Je viens de finir ma passerelle entre les réseaux CAN et TCP (WiFi) et aussi série sur base d'ESP32. L'ensemble est disponible sur le Github de Locoduino : https://github.com/Locoduino/CAN_WiFi_gateway32

Ce projet avait été initialisé pour Orléans 2018 sur la base d'ESP8266. Ici, il s'agit d'un ESP32 et d'un module CAN SN65HVD230 qui simplifient considérablement le montage et son cout puisque cette passerelle me revient à 6€ au total !

Il est donc possible de lire les trames CAN qui circulent sur un bus avec des applications reliées, soit en WiFi, soit en Ethernet ou soit encore en série. Et il est inversement possible d'envoyer des trames CAN avec ces mêmes applications.

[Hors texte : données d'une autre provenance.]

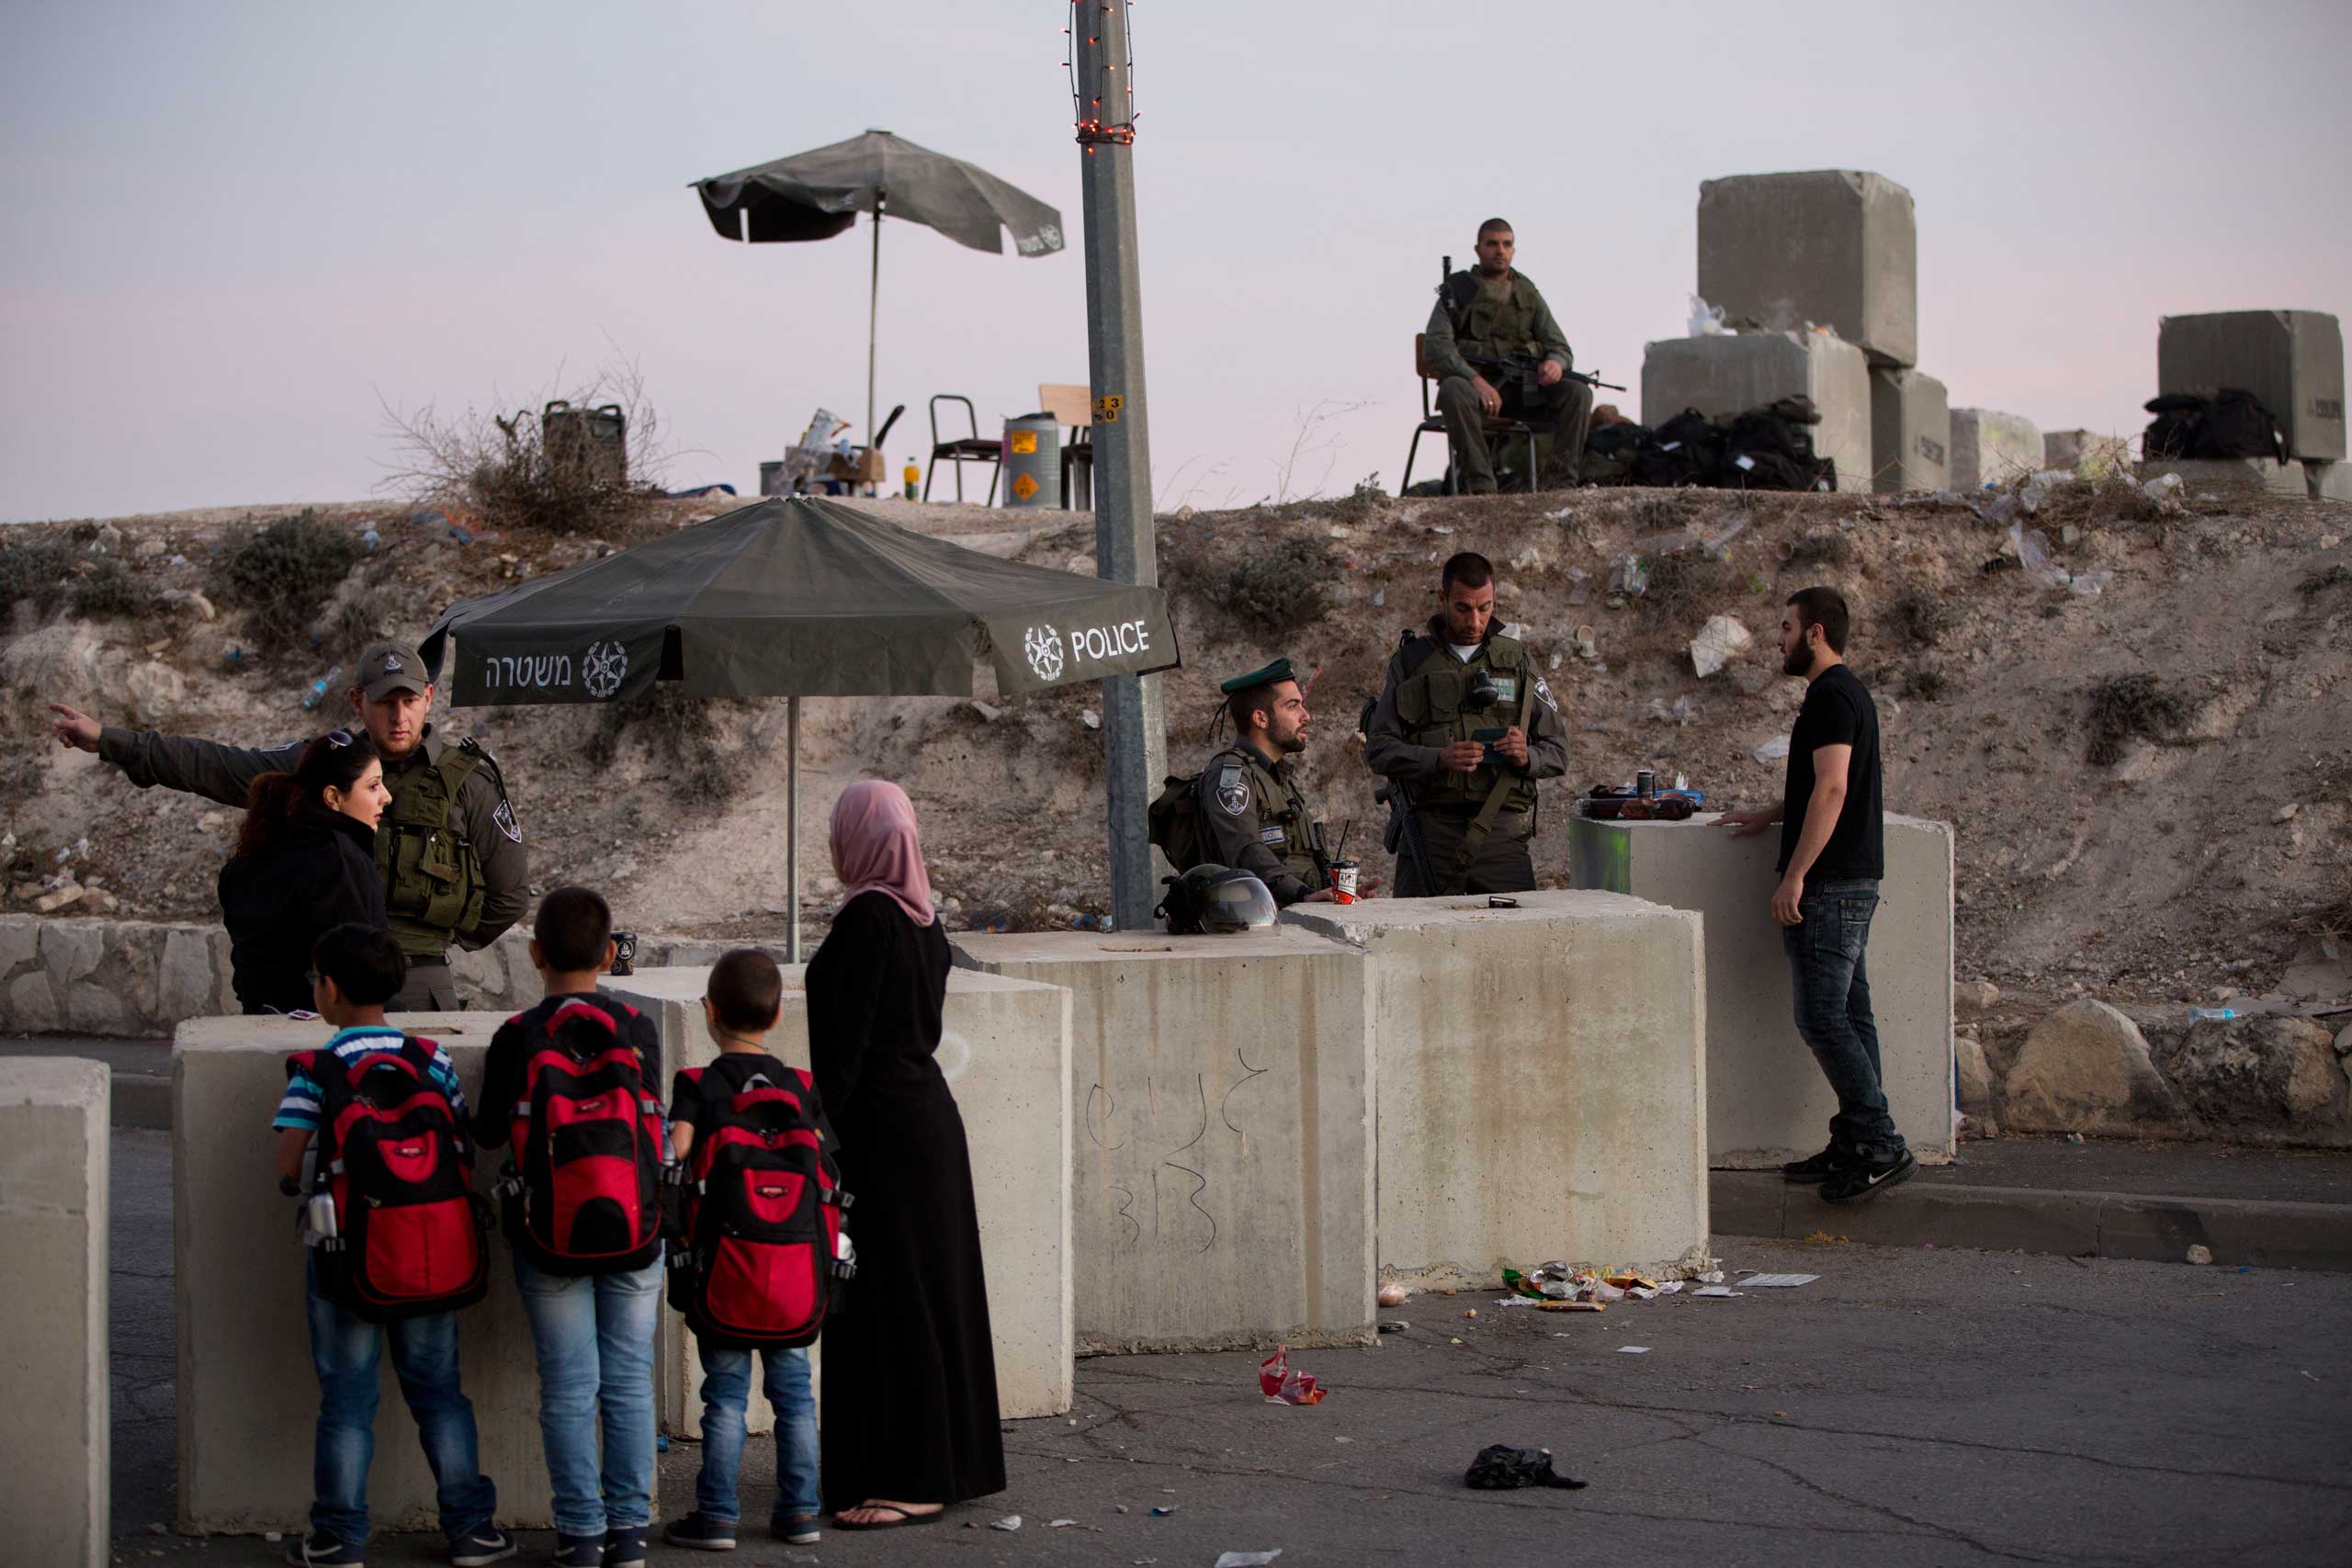 Israeli border police check Palestinian's identification cards at a checkpoint as they exit the Arab neighborhood of Issawiyeh in Jerusalem, on Oct. 22, 2015. (Oded Balilty—AP)

J'avais présenté à l'époque un TCO sous forme de page Web qui, relié avec les 8 satellites du Locoduinodrome, se mettait à jour dynamiquement. J'utilise toujours ce projet qui est visible ici

J'utilise pour cette vidéo un sketch chargé sur un autre Arduino qui envoi en boucle et à raison d'un message par seconde les mêmes messages que les satellites avec les détecteurs d'occupation (consommation et ponctuels). J'ai poussé le débit des messages au rythme de 1 message toutes les 100ms et la réception TCP n'a pas bronchée.

J'avais aussi montré comment il était possible de faire les réglages des satellites à partir d'une page web :

Pour ma part, c'est un outil très important et mes futurs recherches vont aller dans le sens d'une gestion automatisée de mon réseau sur une base de données (qui existe déjà) et qui va être en interaction directe avec les périphériques CAN (satellites).

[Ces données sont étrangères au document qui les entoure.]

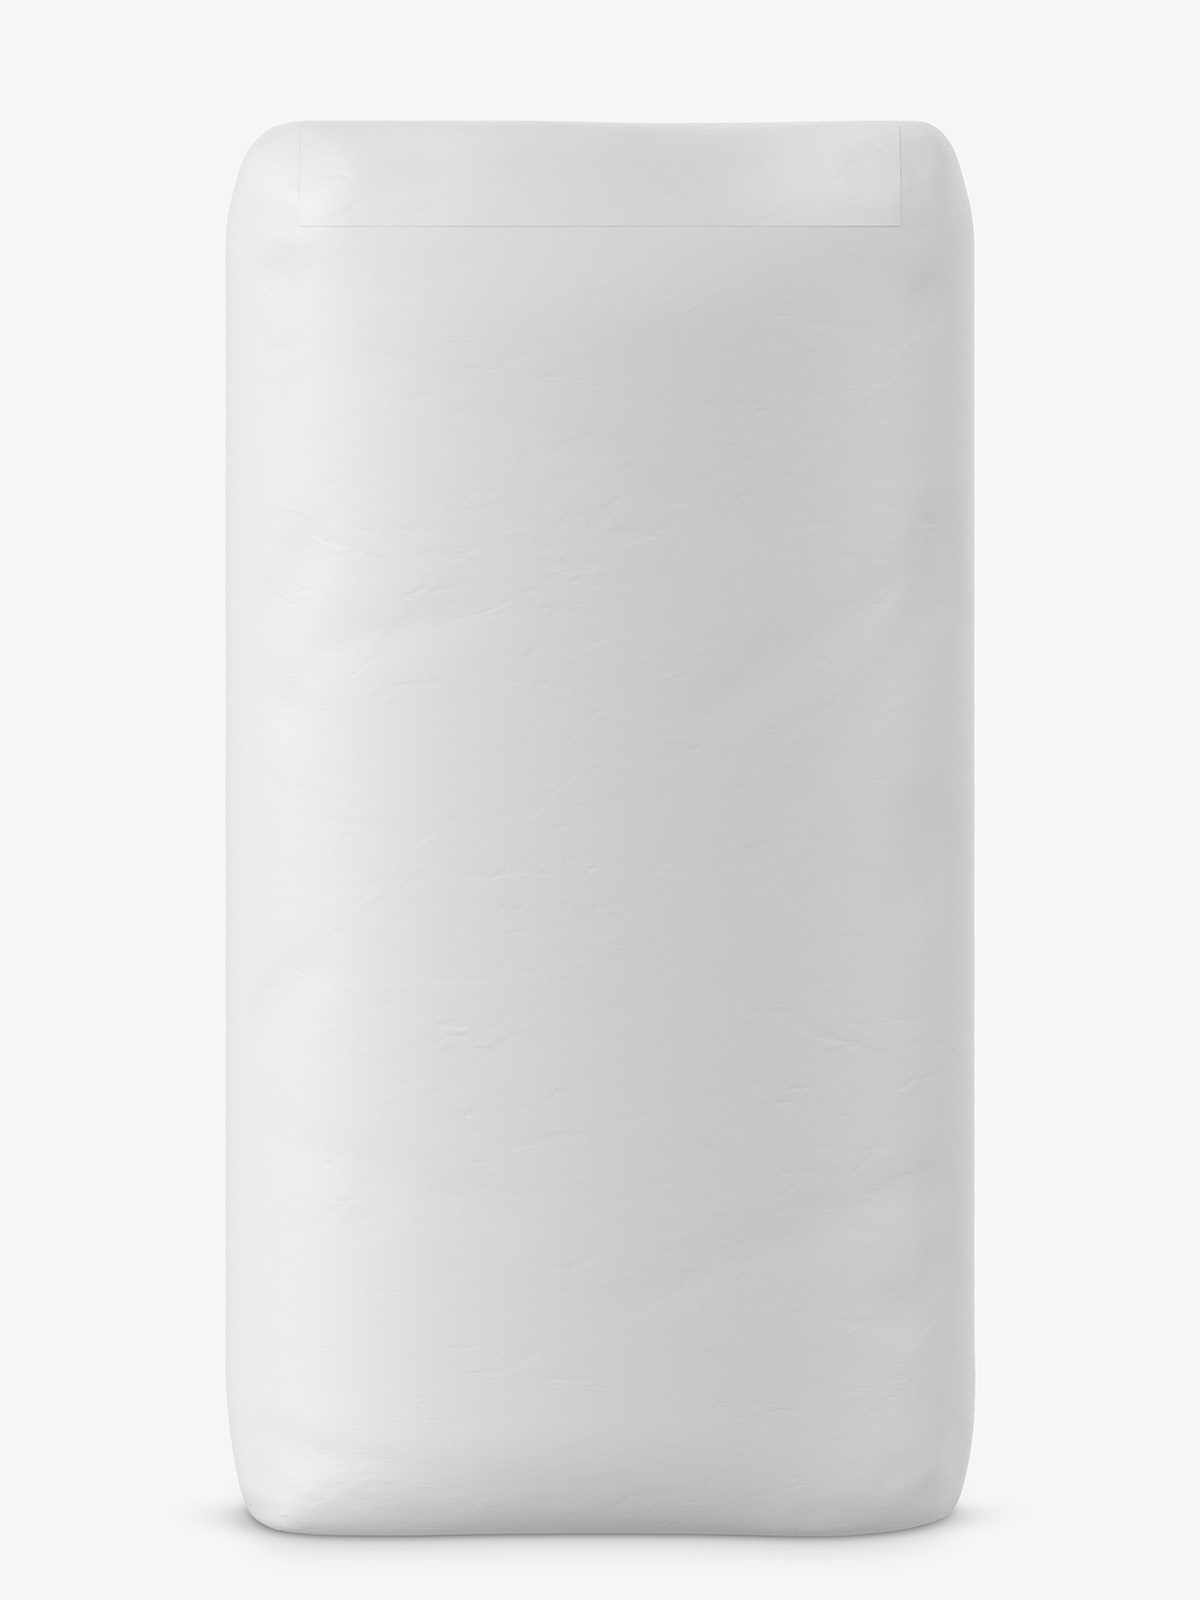 Download Get Cement Bag Mockup Free Download Pics Yellowimages ...

C'est aussi ce type de passerelle qui pourra être mise en œuvre par ceux qui voudraient interfacer JMRI avec le bus CAN et les satellites par exemple.

Je ne dispose que peu de temps malheureusement pour faire des présentations plus détaillées (voir cependant sur le Github), mais je peux au travers de ce fil apporter des précisions à tous ceux qui souhaiteraient mettre en œuvre une telle architecture.

Je suis intéressé également par toutes les propositions d'amélioration.

Christophe.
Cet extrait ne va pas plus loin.